TASK INSTRUCTIONS: Type out the data below in its entirety, exactly as given.

== RECORDS FOR THIS TASK

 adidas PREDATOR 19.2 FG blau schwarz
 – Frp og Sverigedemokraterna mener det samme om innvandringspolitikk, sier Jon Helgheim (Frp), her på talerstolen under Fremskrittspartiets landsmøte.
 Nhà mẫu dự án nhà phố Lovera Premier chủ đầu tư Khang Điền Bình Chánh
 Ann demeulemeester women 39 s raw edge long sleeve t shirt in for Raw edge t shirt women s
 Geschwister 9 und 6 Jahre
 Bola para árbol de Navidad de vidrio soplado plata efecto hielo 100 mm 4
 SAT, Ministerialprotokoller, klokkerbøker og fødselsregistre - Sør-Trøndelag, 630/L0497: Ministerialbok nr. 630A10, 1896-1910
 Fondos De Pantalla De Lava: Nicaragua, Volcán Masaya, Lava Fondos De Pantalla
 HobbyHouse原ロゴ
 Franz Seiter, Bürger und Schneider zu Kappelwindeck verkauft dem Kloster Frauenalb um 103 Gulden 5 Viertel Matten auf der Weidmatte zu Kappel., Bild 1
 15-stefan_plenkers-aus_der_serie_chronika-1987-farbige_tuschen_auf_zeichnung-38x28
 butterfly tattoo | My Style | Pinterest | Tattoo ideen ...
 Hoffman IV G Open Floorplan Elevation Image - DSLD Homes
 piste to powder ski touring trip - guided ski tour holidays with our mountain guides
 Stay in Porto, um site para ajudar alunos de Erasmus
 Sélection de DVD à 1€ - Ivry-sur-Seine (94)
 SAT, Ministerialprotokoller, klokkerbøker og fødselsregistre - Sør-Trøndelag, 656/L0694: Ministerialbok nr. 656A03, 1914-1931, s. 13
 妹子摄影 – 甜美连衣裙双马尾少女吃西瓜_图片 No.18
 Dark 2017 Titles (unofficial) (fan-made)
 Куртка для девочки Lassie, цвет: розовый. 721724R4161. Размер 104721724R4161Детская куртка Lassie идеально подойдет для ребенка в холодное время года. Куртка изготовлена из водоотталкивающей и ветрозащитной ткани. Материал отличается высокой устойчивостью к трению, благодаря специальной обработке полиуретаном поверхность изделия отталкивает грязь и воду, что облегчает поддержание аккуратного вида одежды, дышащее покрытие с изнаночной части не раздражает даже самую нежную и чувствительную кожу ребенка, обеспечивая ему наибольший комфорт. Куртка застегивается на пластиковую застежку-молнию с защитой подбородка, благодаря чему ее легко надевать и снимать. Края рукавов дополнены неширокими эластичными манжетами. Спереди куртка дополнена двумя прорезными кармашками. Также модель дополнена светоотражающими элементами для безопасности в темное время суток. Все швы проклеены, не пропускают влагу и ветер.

====

EXPECTED ANSWER:
 adidas PREDATOR 19.2 FG blau schwarz
 – Frp og Sverigedemokraterna mener det samme om innvandringspolitikk, sier Jon Helgheim (Frp), her på talerstolen under Fremskrittspartiets landsmøte.
 Nhà mẫu dự án nhà phố Lovera Premier chủ đầu tư Khang Điền Bình Chánh
 Ann demeulemeester women 39 s raw edge long sleeve t shirt in for Raw edge t shirt women s
 Geschwister 9 und 6 Jahre
 Bola para árbol de Navidad de vidrio soplado plata efecto hielo 100 mm 4
 SAT, Ministerialprotokoller, klokkerbøker og fødselsregistre - Sør-Trøndelag, 630/L0497: Ministerialbok nr. 630A10, 1896-1910
 Fondos De Pantalla De Lava: Nicaragua, Volcán Masaya, Lava Fondos De Pantalla
 HobbyHouse原ロゴ
 Franz Seiter, Bürger und Schneider zu Kappelwindeck verkauft dem Kloster Frauenalb um 103 Gulden 5 Viertel Matten auf der Weidmatte zu Kappel., Bild 1
 15-stefan_plenkers-aus_der_serie_chronika-1987-farbige_tuschen_auf_zeichnung-38x28
 butterfly tattoo | My Style | Pinterest | Tattoo ideen ...
 Hoffman IV G Open Floorplan Elevation Image - DSLD Homes
 piste to powder ski touring trip - guided ski tour holidays with our mountain guides
 Stay in Porto, um site para ajudar alunos de Erasmus
 Sélection de DVD à 1€ - Ivry-sur-Seine (94)
 SAT, Ministerialprotokoller, klokkerbøker og fødselsregistre - Sør-Trøndelag, 656/L0694: Ministerialbok nr. 656A03, 1914-1931, s. 13
 妹子摄影 – 甜美连衣裙双马尾少女吃西瓜_图片 No.18
 Dark 2017 Titles (unofficial) (fan-made)
 Куртка для девочки Lassie, цвет: розовый. 721724R4161. Размер 104721724R4161Детская куртка Lassie идеально подойдет для ребенка в холодное время года. Куртка изготовлена из водоотталкивающей и ветрозащитной ткани. Материал отличается высокой устойчивостью к трению, благодаря специальной обработке полиуретаном поверхность изделия отталкивает грязь и воду, что облегчает поддержание аккуратного вида одежды, дышащее покрытие с изнаночной части не раздражает даже самую нежную и чувствительную кожу ребенка, обеспечивая ему наибольший комфорт. Куртка застегивается на пластиковую застежку-молнию с защитой подбородка, благодаря чему ее легко надевать и снимать. Края рукавов дополнены неширокими эластичными манжетами. Спереди куртка дополнена двумя прорезными кармашками. Также модель дополнена светоотражающими элементами для безопасности в темное время суток. Все швы проклеены, не пропускают влагу и ветер.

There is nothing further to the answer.